Illus. 364.—Looking-glass,
1690.
Looking-glasses of large size were made in two sections, the lower piece with the edge bevelled and lapped over the plain upper piece. This was to avoid the tax upon glass beyond a certain size.
The fashion for japanning or lacquering which obtained vogue at the close of the seventeenth century was followed in looking-glass frames. A London newspaper of 1689 thus advertised: “Several sorts of Screwtores, Tables, Stands and Looking-glasses of Japan and other work.”
Illustration [363] shows a looking-glass in a japanned frame, owned by Dwight M. Prouty, Esq., of Boston. The wood of the frame is walnut, and it is covered with lacquer in gold and colors. The shape of the frame around the glass is followed by the bevel, and the lower piece of glass laps over the upper.
Illustration [364] shows the top section of a looking-glass with a lacquered frame. In this case the frame was made in sections, the lower section being lost. The curves in the frame are followed in the glass by the old shallow bevelling over an inch in width, and a star is cut in the middle of the glass. The frame is elaborately japanned with gold and bright colors, and is twenty-six inches in height, showing that the looking-glass, when whole, was of generous size. The design of the sawed edge is of a very early style. The glass is owned by the American Antiquarian Society, of Worcester.
The looking-glass at the head of this chapter is owned by E. R. Lemon, Esq., of the Wayside Inn. It is of walnut veneer, and the old bevelled glass is in two sections, the upper one cut in a design, and with the lower edge lapped over the other piece of glass. Another glass of the same period, the first quarter of the eighteenth century, owned by Mr.
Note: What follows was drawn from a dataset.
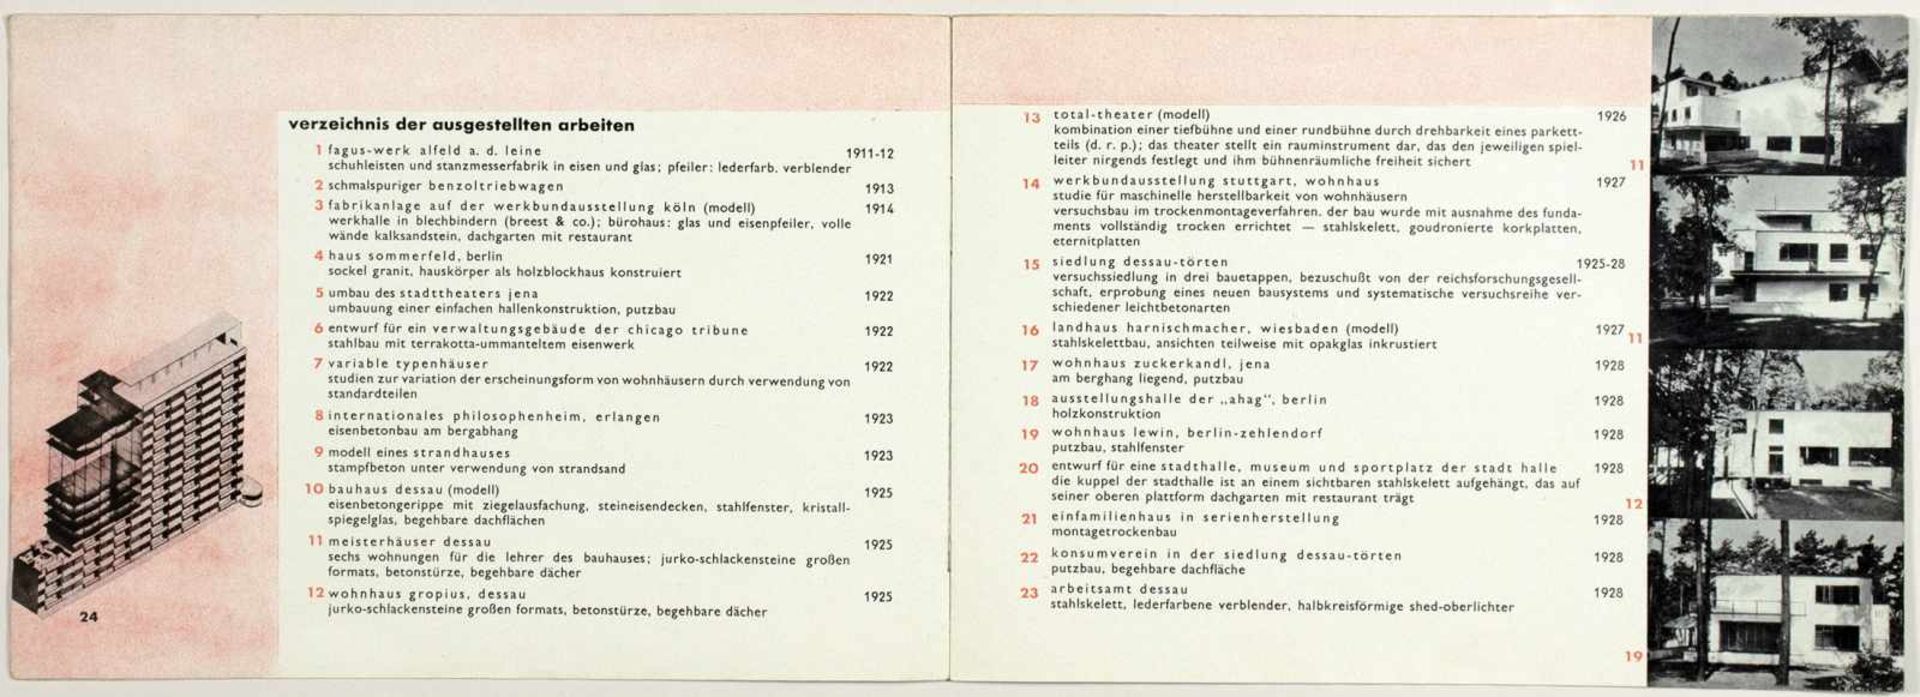 Laszlo Moholy-Nagy - Ausstellung Walter Gropius. Zeichnungen, Fotos, Modelle in der ständigen - Image 3 of 8

Lemon, heads Chapter XI. This frame has a top ornament of a piece of walnut sawed in curves which suggest those upon later frames.
Such a looking-glass as this was probably what Judge Sewall meant when he sent for “A True Looking Glass of Black Walnut Frame of the Newest Fashion (if the Fashion be good) as good as can be bought for five or six pounds.” This was for wedding furniture for the judge’s daughter Judith, married in 1720.